Andrew Purves writes, “If Christianity remains the cult of the private, the community, or the institution, it sanctions civil religion and ratifies the religious sanctification of society as it is.”[1]

Or, to put it another way, we show up on Sunday, to give to God what is due. But the rest of the time, like Jesus said, we must give to Caesar what is Caesar’s.


At least, that is the message we want Jesus to give us. It is the message we want to hear, because it absolves us of the difficult part of our faith. But that is not what Jesus does.

“Sure, give to Caesar what is Caesar’s,” Jesus says to those who were listening so very closely to his words. He did not leave it there, though, “And give to God what is God’s.”

What bears God’s image? The coin they held before him bore the likeness of Caesar on it, but certainly no coin bore an image of God—it would have been forbidden, a great heresy! Rather, the whole of creation bears God’s fingerprints, and nothing more so than you.

You, my friends, are made in the image of God. Each and everyone of you, in all your diversity and variety, bear the image of God, both individually and all together.
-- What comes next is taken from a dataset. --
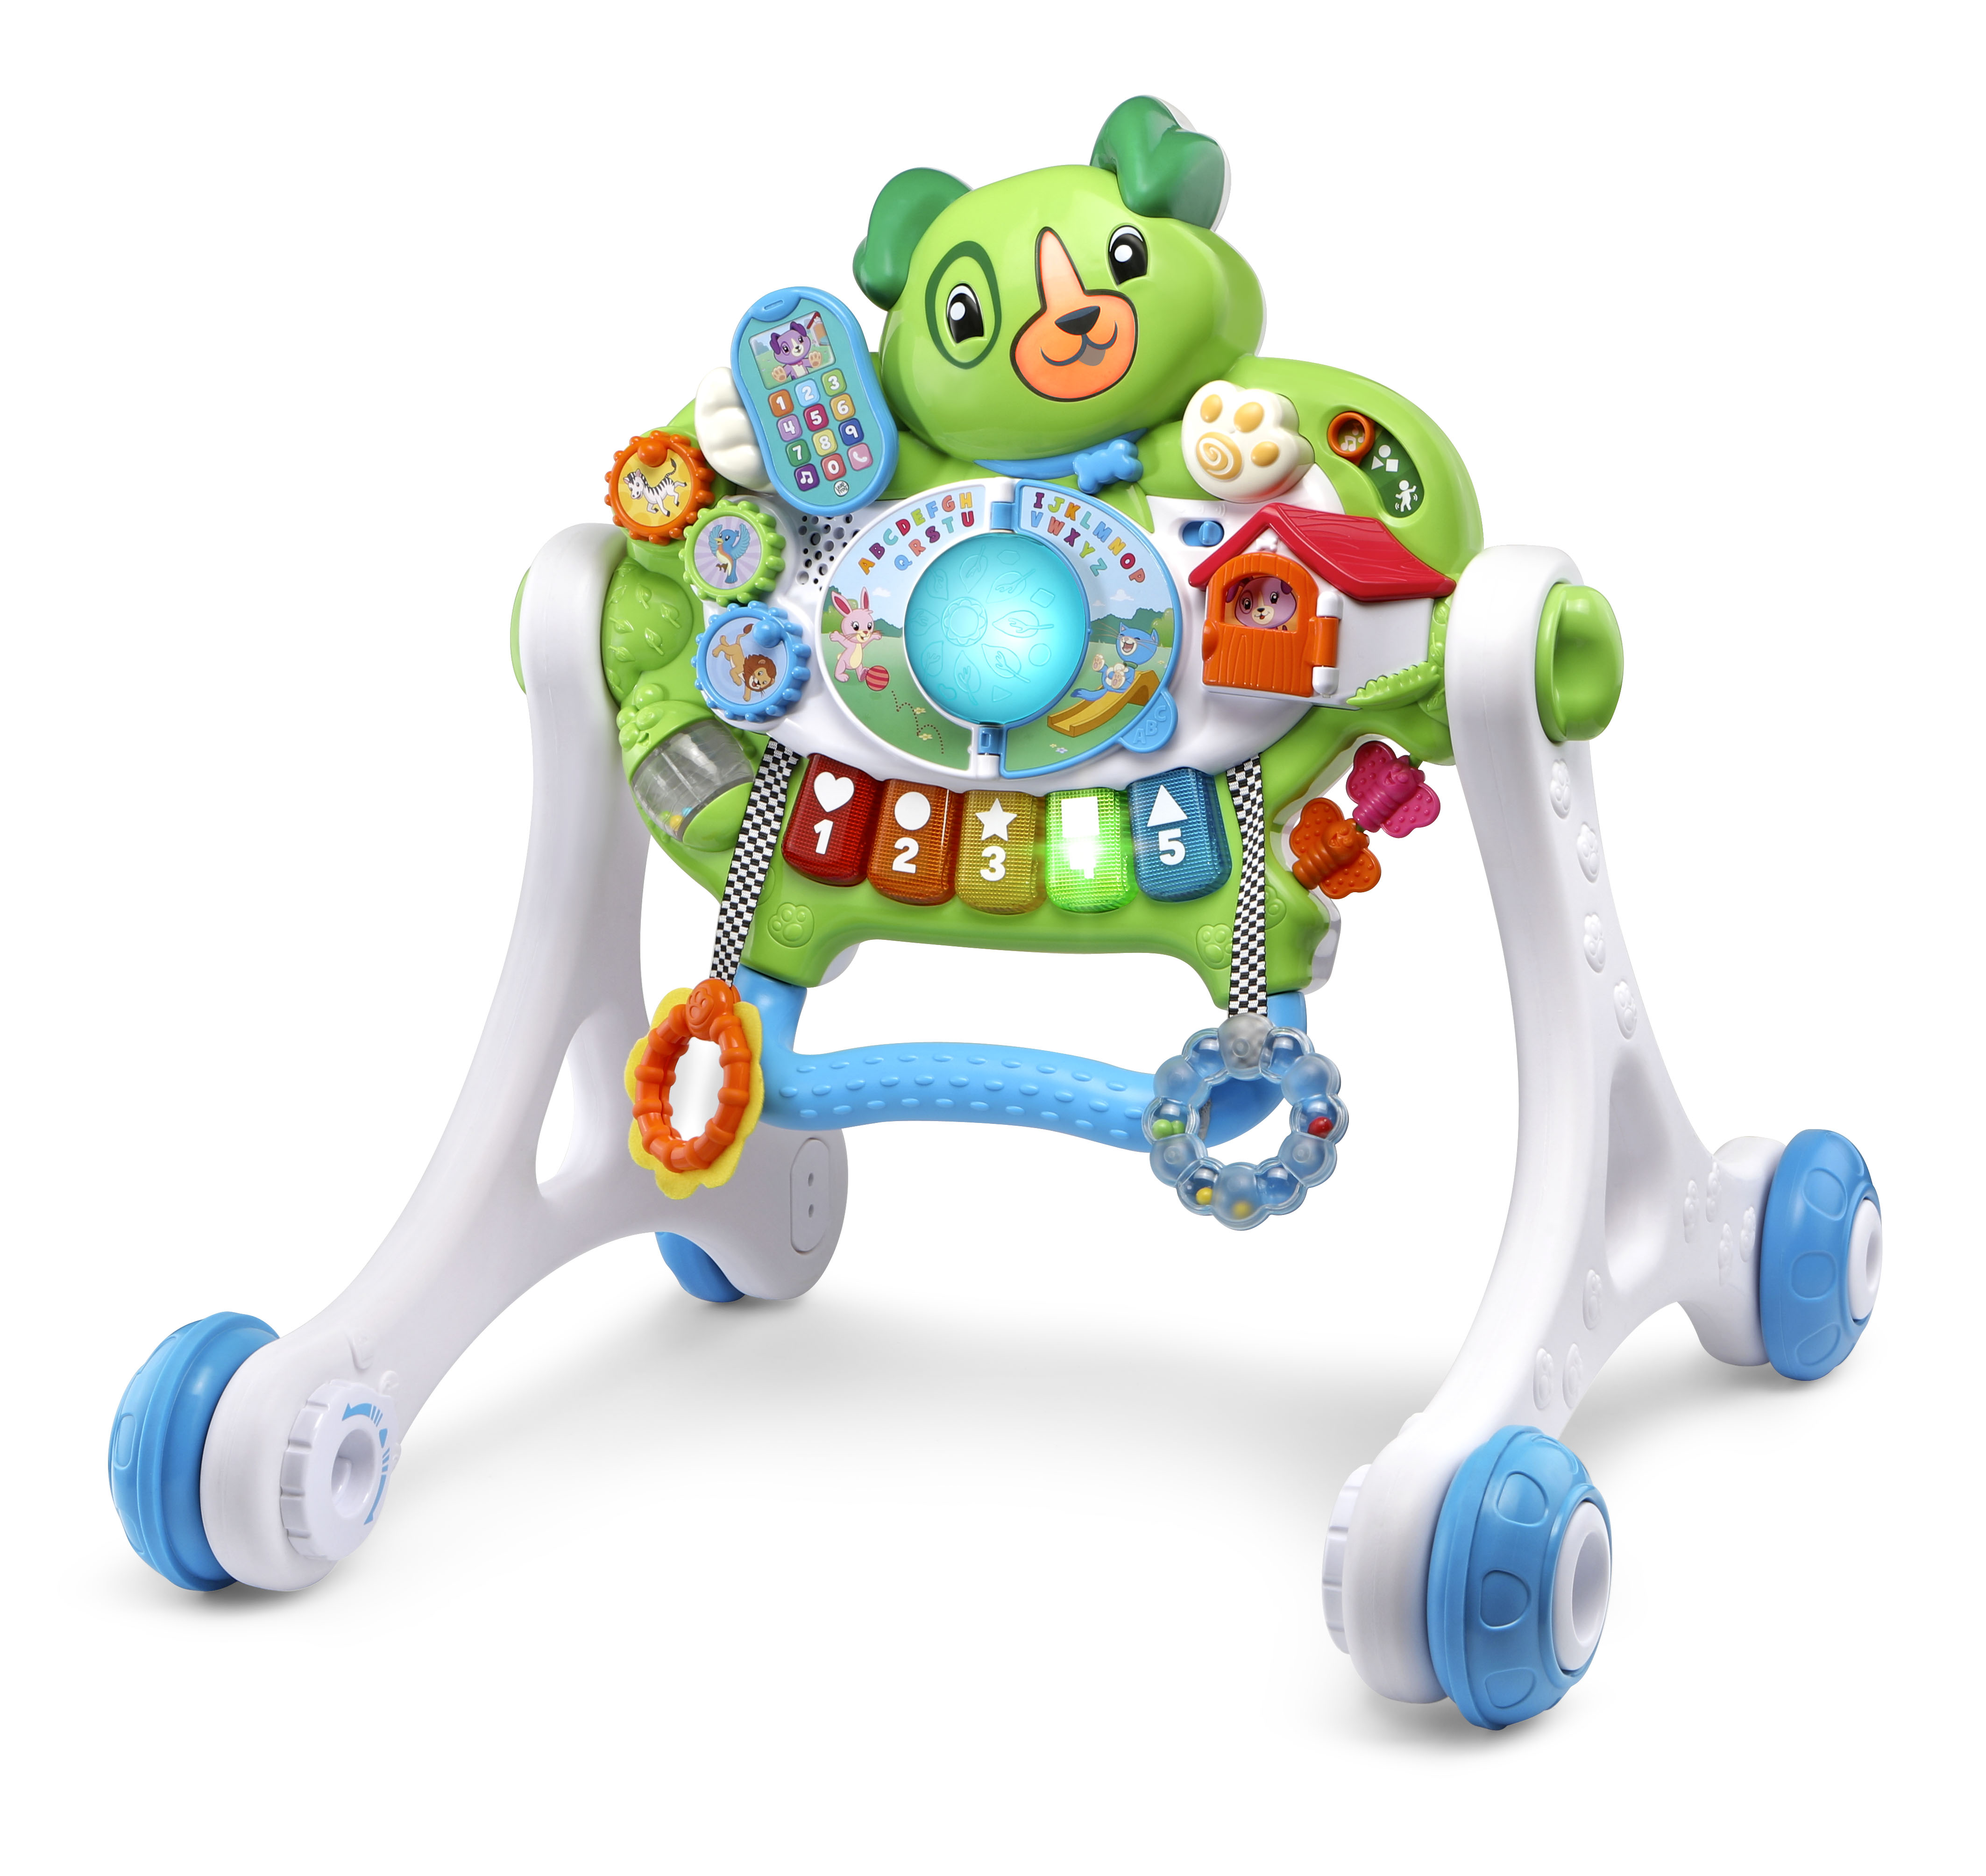 Scout's 3-in-1 Get Up and Go Walker, Baby Gym, Floor Play Toy, Green - image 2 of 11

Though Jesus’ words at first seem like an easy division in the spheres of our lives, though we really want to hear them as an easy division between our faith and everything else, his words are anything but.

Sure, give these coins to Caesar, but there is nothing that is not God’s, most of all you. And if you think that you do not, if you think that you could not possibly bear the divine image, then perhaps you have not looked hard enough.


This morning we are welcoming new members into our community of faith here at St. Faith’s. But what is the faith to which we welcome them? Is it a faith that is nice for Sunday mornings, but which has nothing to say about the rest of the week? Is it a faith that can only sanctify society as it is, in all its brokenness, because it does not believe it can do anything else?

Or is it something more? Is it a faith that reorients the wholeness of our lives? Is it something that changes us, transforms us, and in doing transforms the world around us? Is it a faith that brings the hope and Good News of the Gospel message to a world broken and without hope? Is it a faith that brings healing and wholeness to all of creation and for all who bear God’s image?

My friends, this is the faith to which Jesus calls us as his disciples! This is the faith to which we welcome our newest members this morning. This is the faith that leads us back here, our whole life long, so that we might be renewed and restored once again to carry it back into the world.

Preached by the Rev. Adam Yates

[1] Purves, Andrew. “Feast on the Word.” pp.1025.